■ **The task**: Transcribe the whole listing without a single picture.

======== Dataset content

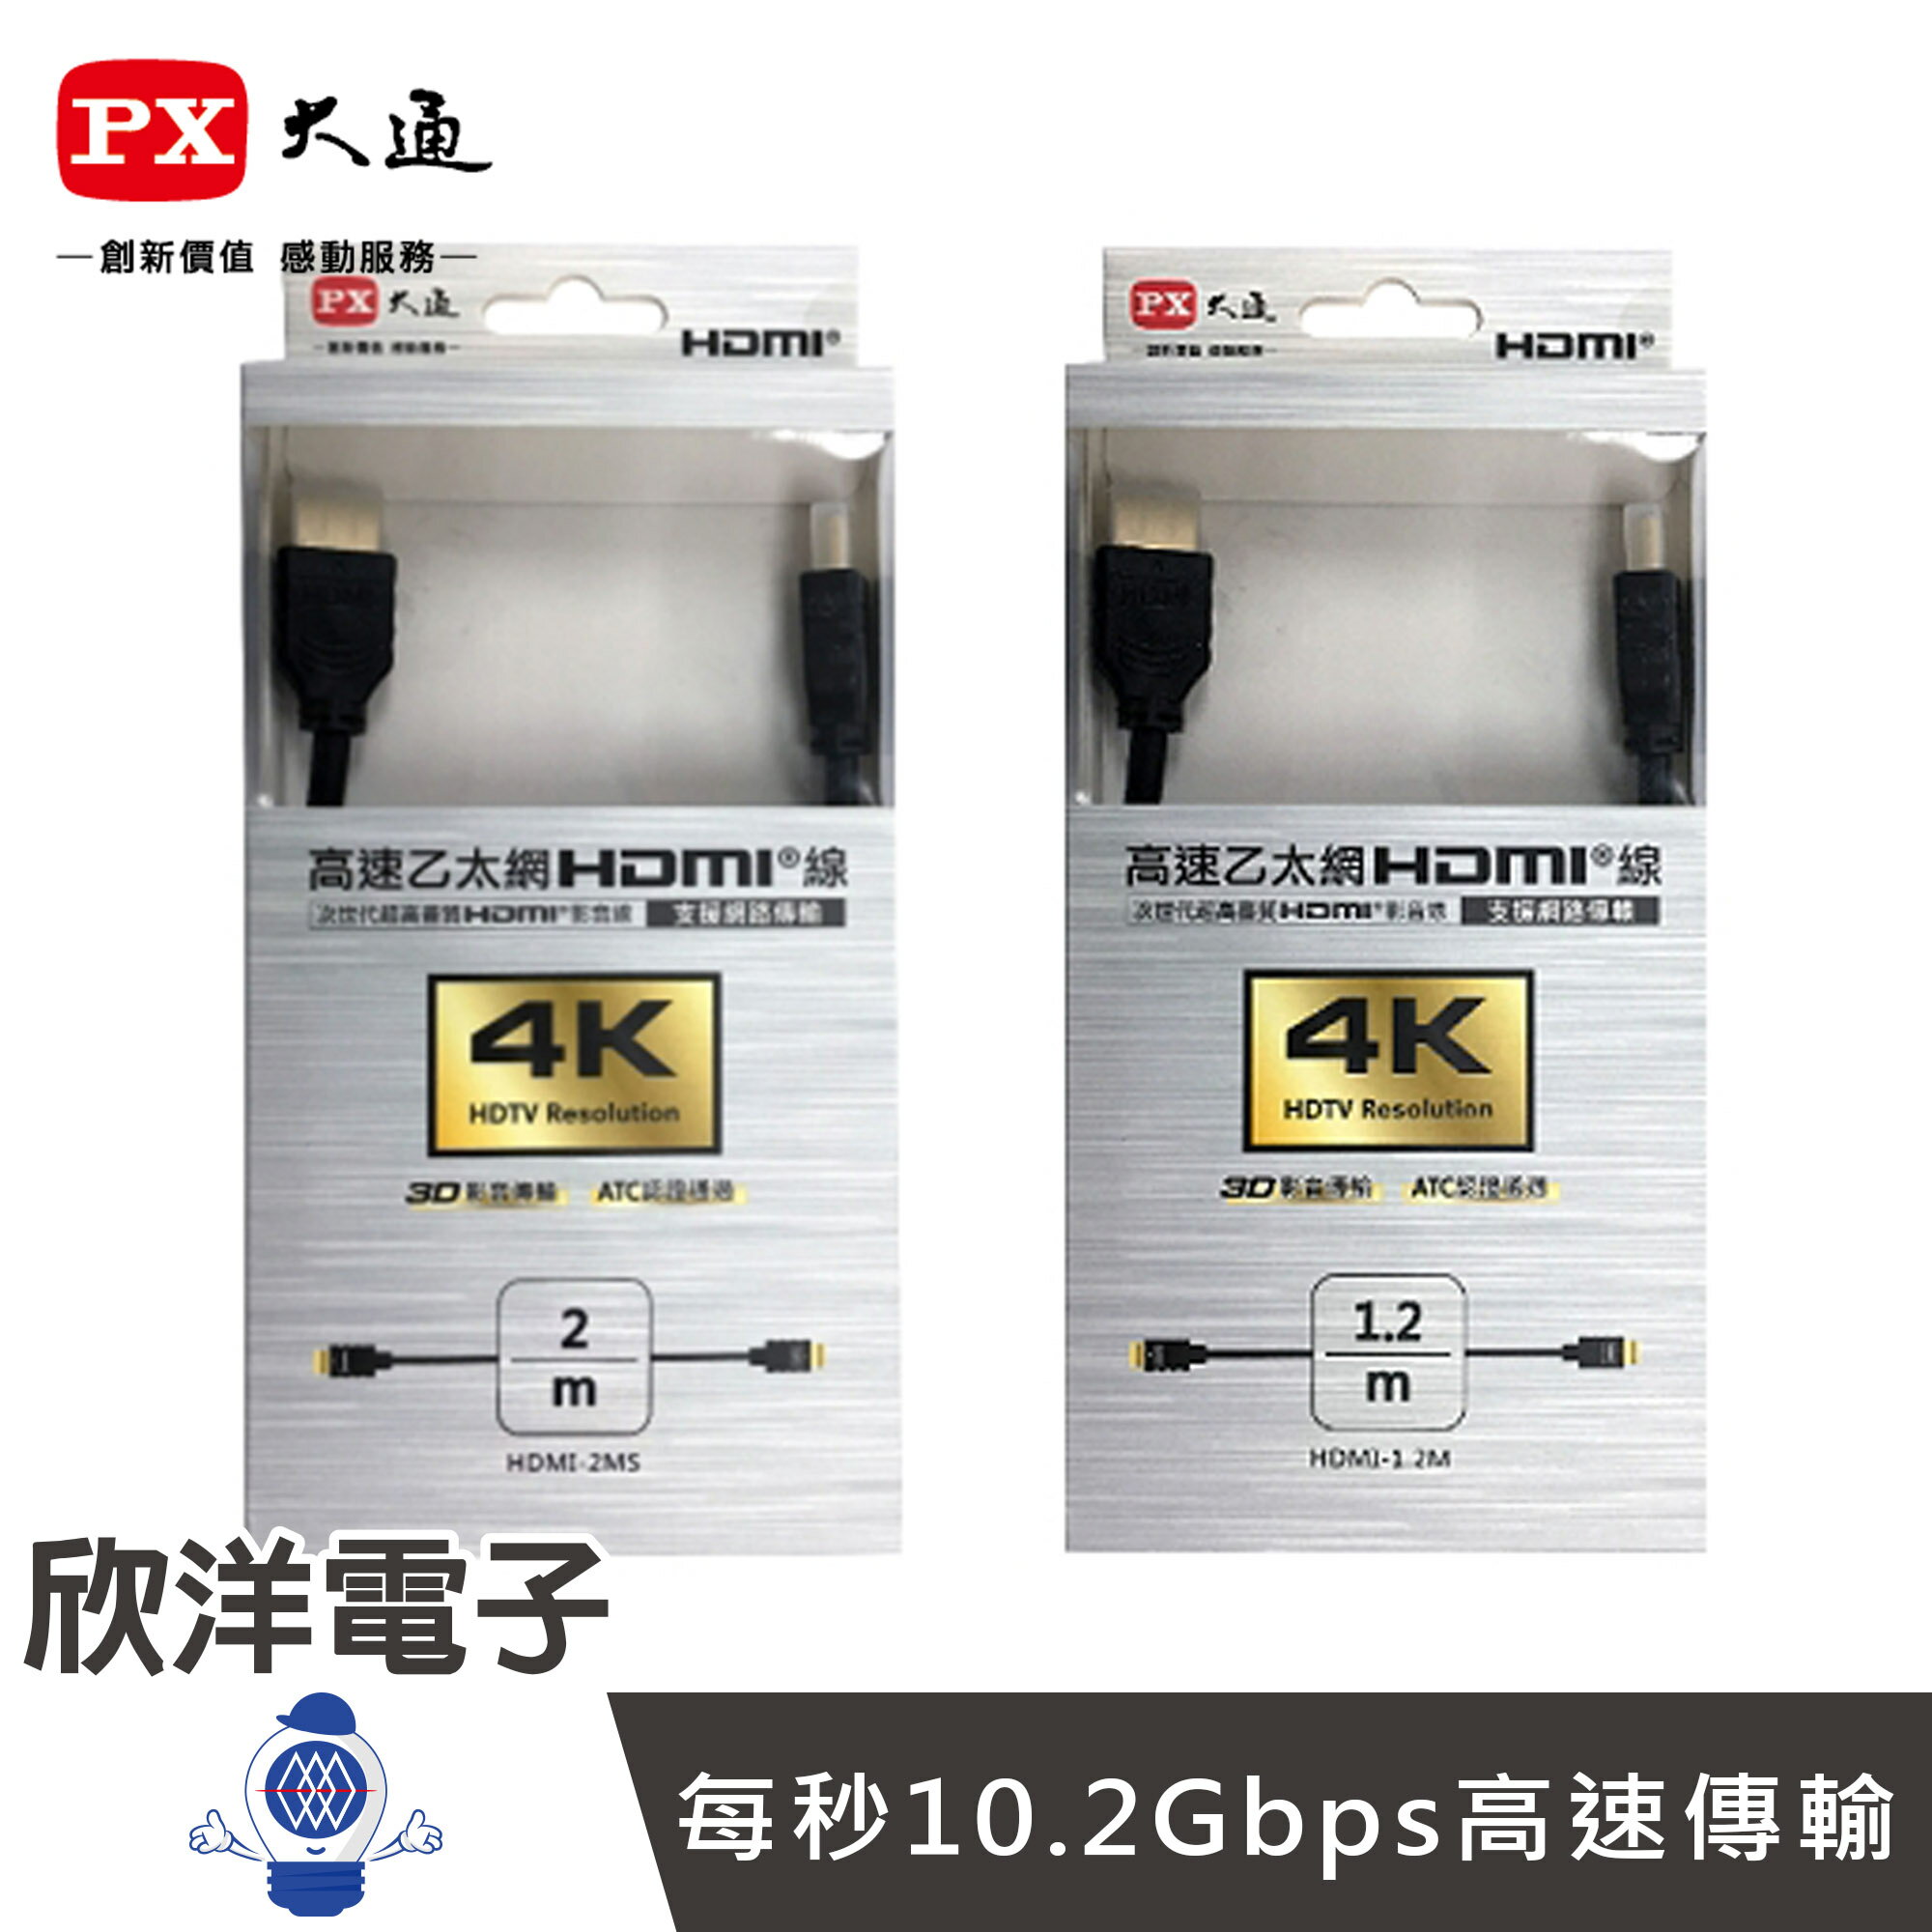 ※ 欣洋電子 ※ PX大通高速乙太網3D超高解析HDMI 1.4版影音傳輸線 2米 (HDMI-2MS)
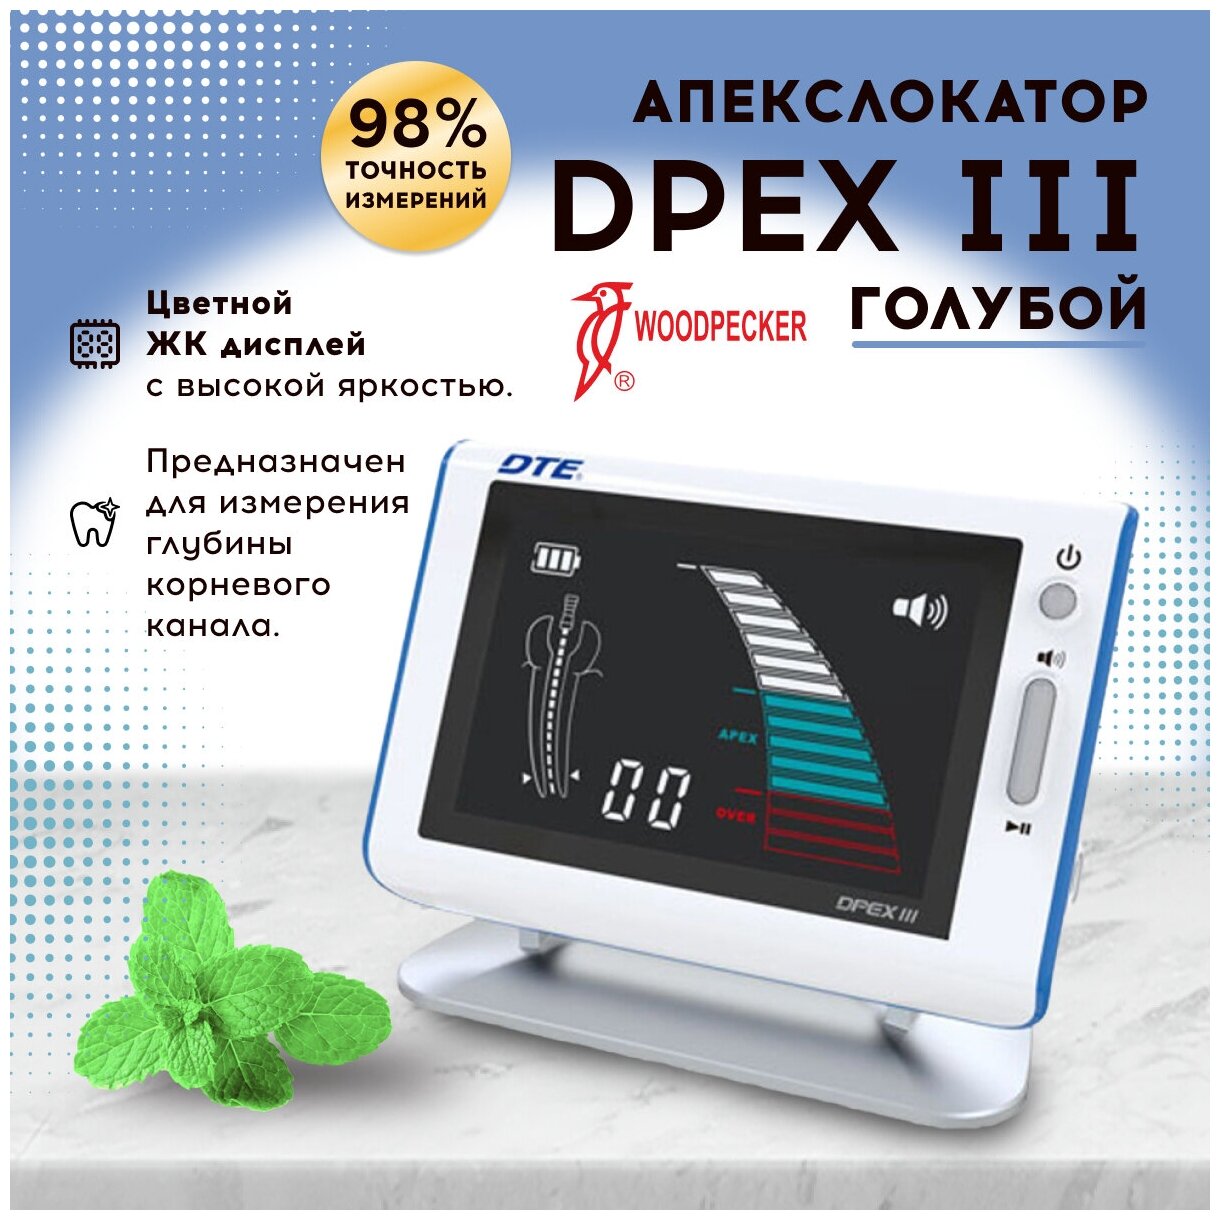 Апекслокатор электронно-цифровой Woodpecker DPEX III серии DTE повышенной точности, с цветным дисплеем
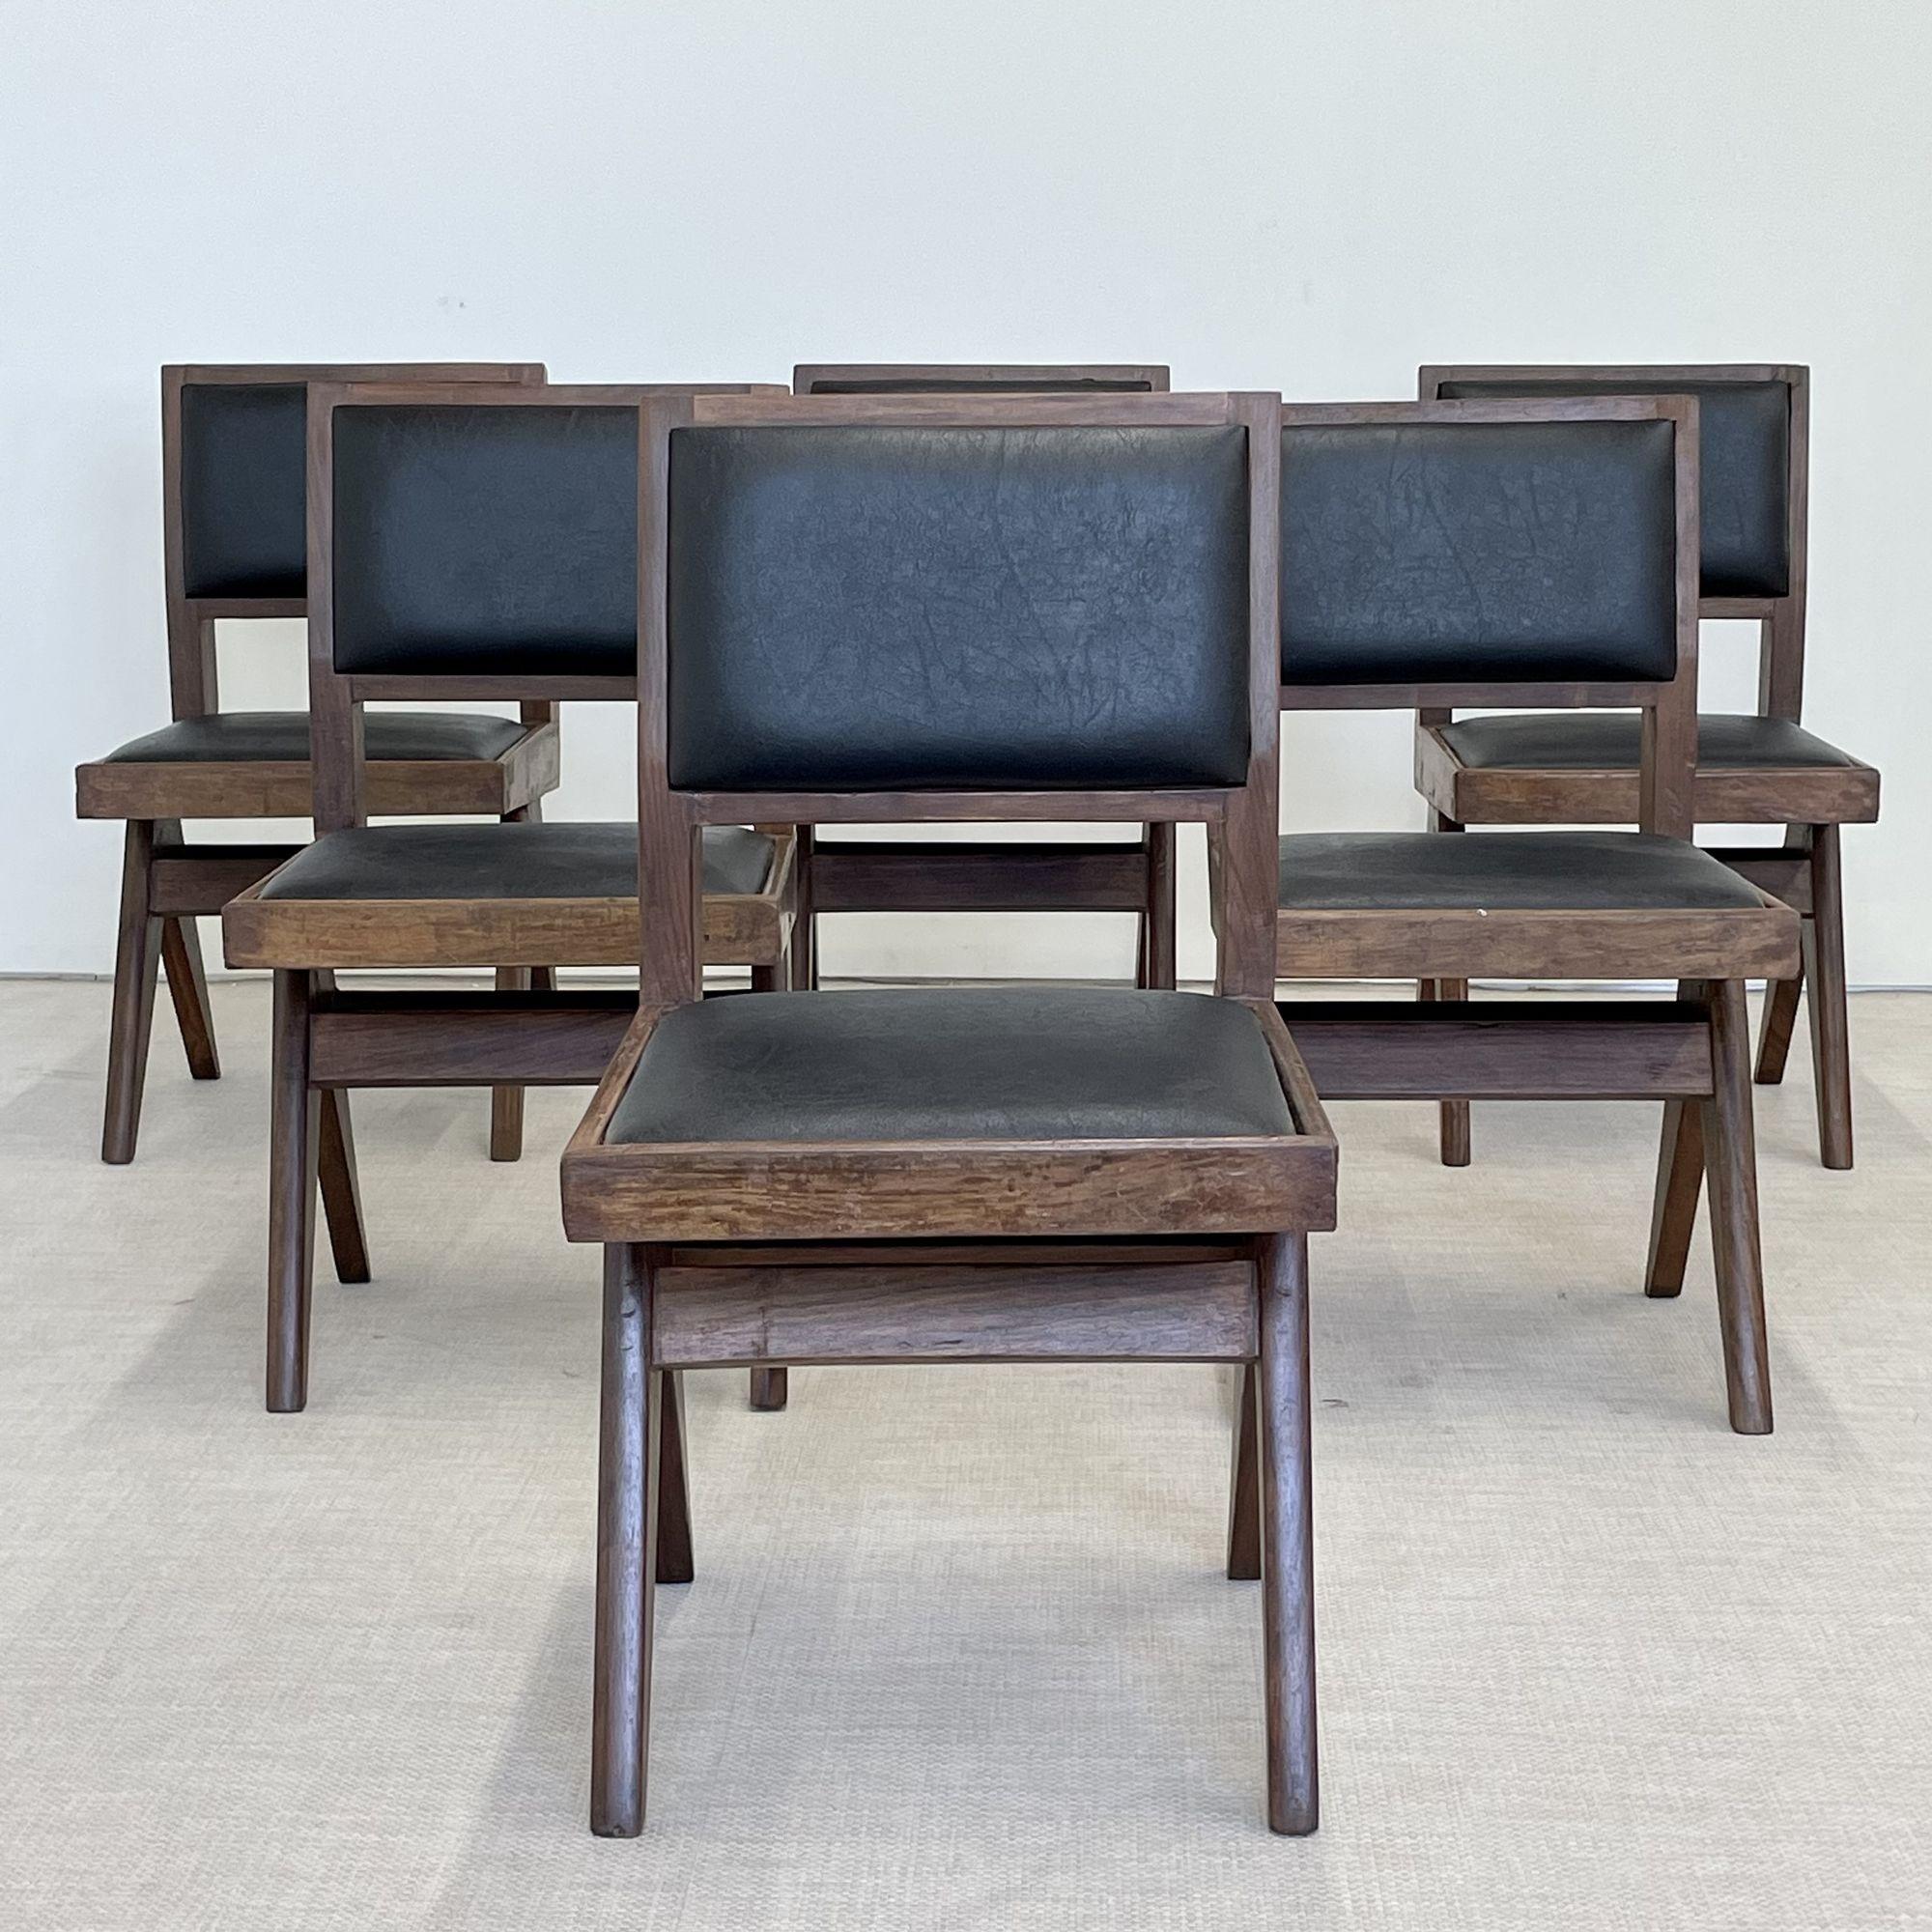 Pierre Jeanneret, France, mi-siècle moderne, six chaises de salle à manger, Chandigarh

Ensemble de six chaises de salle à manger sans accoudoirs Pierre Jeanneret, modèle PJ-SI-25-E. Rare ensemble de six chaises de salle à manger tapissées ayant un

================

■ **Your solution**:
 ※ 欣洋電子 ※ PX大通高速乙太網3D超高解析HDMI 1.4版影音傳輸線 2米 (HDMI-2MS)
 Апекслокатор электронно-цифровой Woodpecker DPEX III серии DTE повышенной точности, с цветным дисплеем
 Pierre Jeanneret, France, mi-siècle moderne, six chaises de salle à manger, Chandigarh

Ensemble de six chaises de salle à manger sans accoudoirs Pierre Jeanneret, modèle PJ-SI-25-E. Rare ensemble de six chaises de salle à manger tapissées ayant un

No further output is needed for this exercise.